Spindle is a multi-domain, schema-aware synthetic data generator for Microsoft Fabric. It generates statistically realistic, relationally correct datasets — think normalized 3NF schemas with proper FK integrity, Pareto order distributions, seasonal temporal patterns, and real US addresses with lat/lng coordinates ready for Power BI maps.
pip install sqllocks-spindle
Why Spindle?
Every Fabric project starts with the same problem: where's the test data?
Random data generators give you Customer_001 buying Product_ABC for $10.00. Dashboards look flat. Pipelines pass testing but fail on real cardinality. ML models train on data with no signal to find.

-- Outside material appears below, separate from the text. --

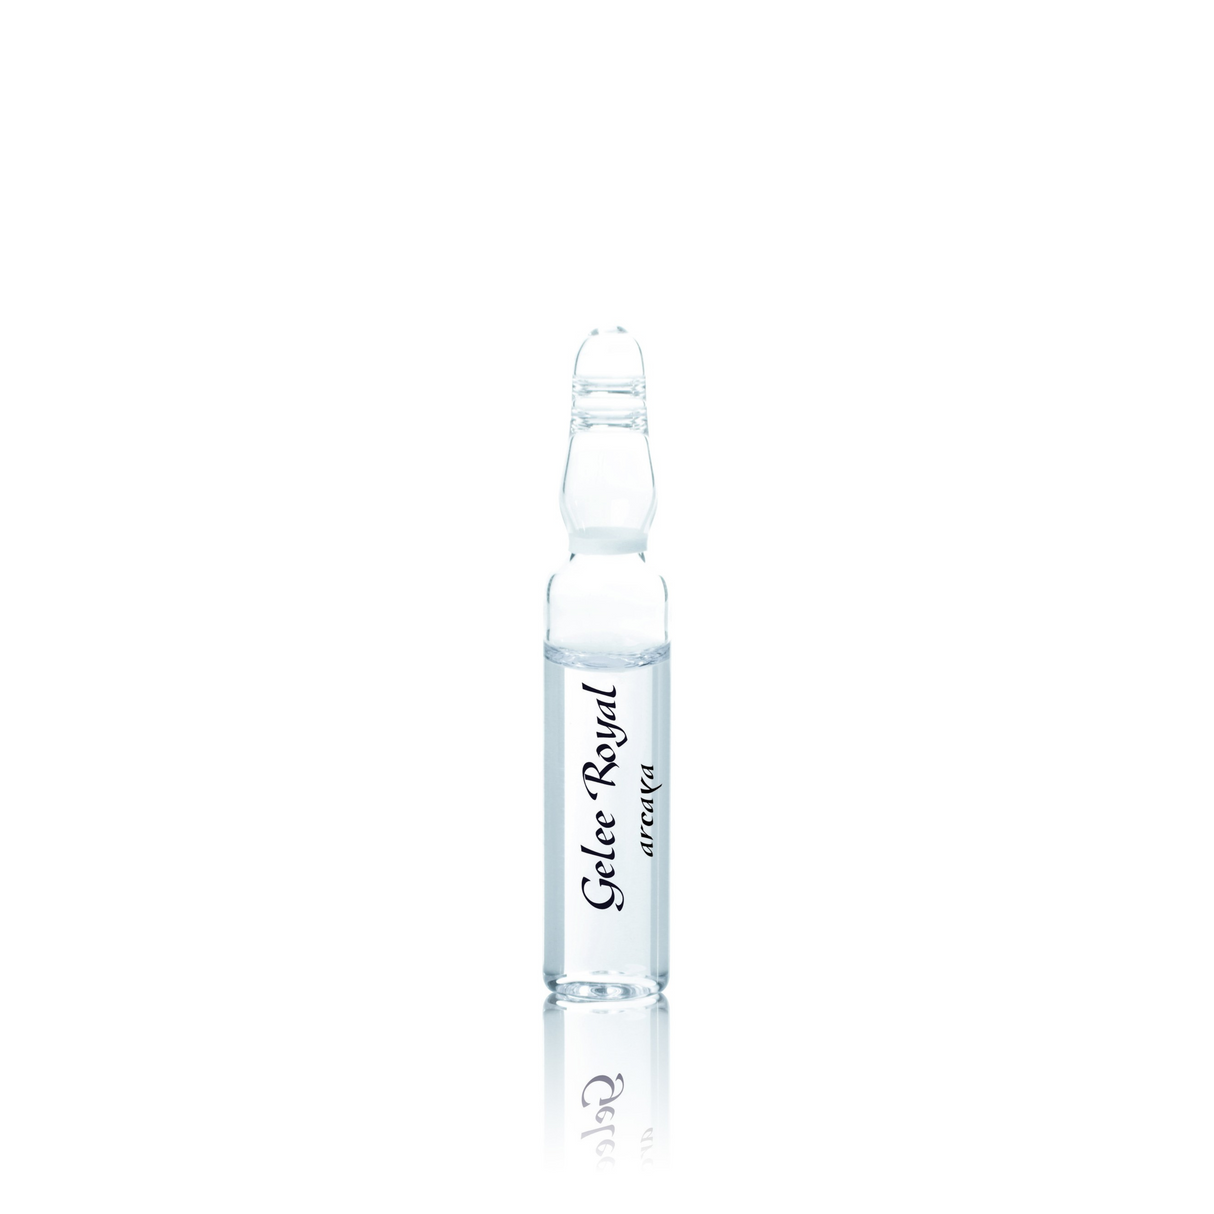 Arcaya Gelee Royal Ampoule, for anti-aging / nourishment & elasticity

Spindle generates data that looks and behaves like production data — without any real data involved:
- 13 pre-built domains with distributions sourced from published data (BLS, NAIC, NCES, NAR, FDIC, Federal Reserve, SEC, and 40+ more)
- Schema-aware generation — tables generated in dependency order, FK integrity guaranteed, composite keys handled
- Chaos engine — intentionally corrupt data (nulls, duplicates, schema drift) to stress-test your pipeline
- Fabric-native — write directly to Lakehouse, Warehouse, SQL Database, Eventhouse, and Semantic Models
- Transparent — every generation rule is a human-readable
.spindle.jsonschema you can inspect and version control
Unlike ML-based generators (SDV, MOSTLY AI, Gretel), Spindle doesn't need training data. Unlike Faker, it produces relationally correct, statistically calibrated datasets at any scale.
Documentation
| I want to... | Go to |
|---|---|
| Get started in 5 minutes | Quickstart (Python) |
| Use the CLI without writing Python | Quickstart (CLI) |
| Generate data in a Fabric notebook | Quickstart (Fabric) |
| Follow step-by-step tutorials | Tutorials (17 learning paths) |
| Understand a specific feature | Guides (18 feature guides) |
| Run working example code | Examples (22 scripts + 35 notebooks) |
| Browse the API | API Reference |
| See all 13 domains | Domain Catalog |
| Check calibration sources | Methodology |
Full docs site: sqllocks.github.io/spindle
Quick Start
from sqllocks_spindle import Spindle, RetailDomain
spindle = Spindle()
result = spindle.generate(
domain=RetailDomain(),
scale="small",
seed=42
)
print(result)
# GenerationResult(9 tables, 21,300 total rows, 0.3s)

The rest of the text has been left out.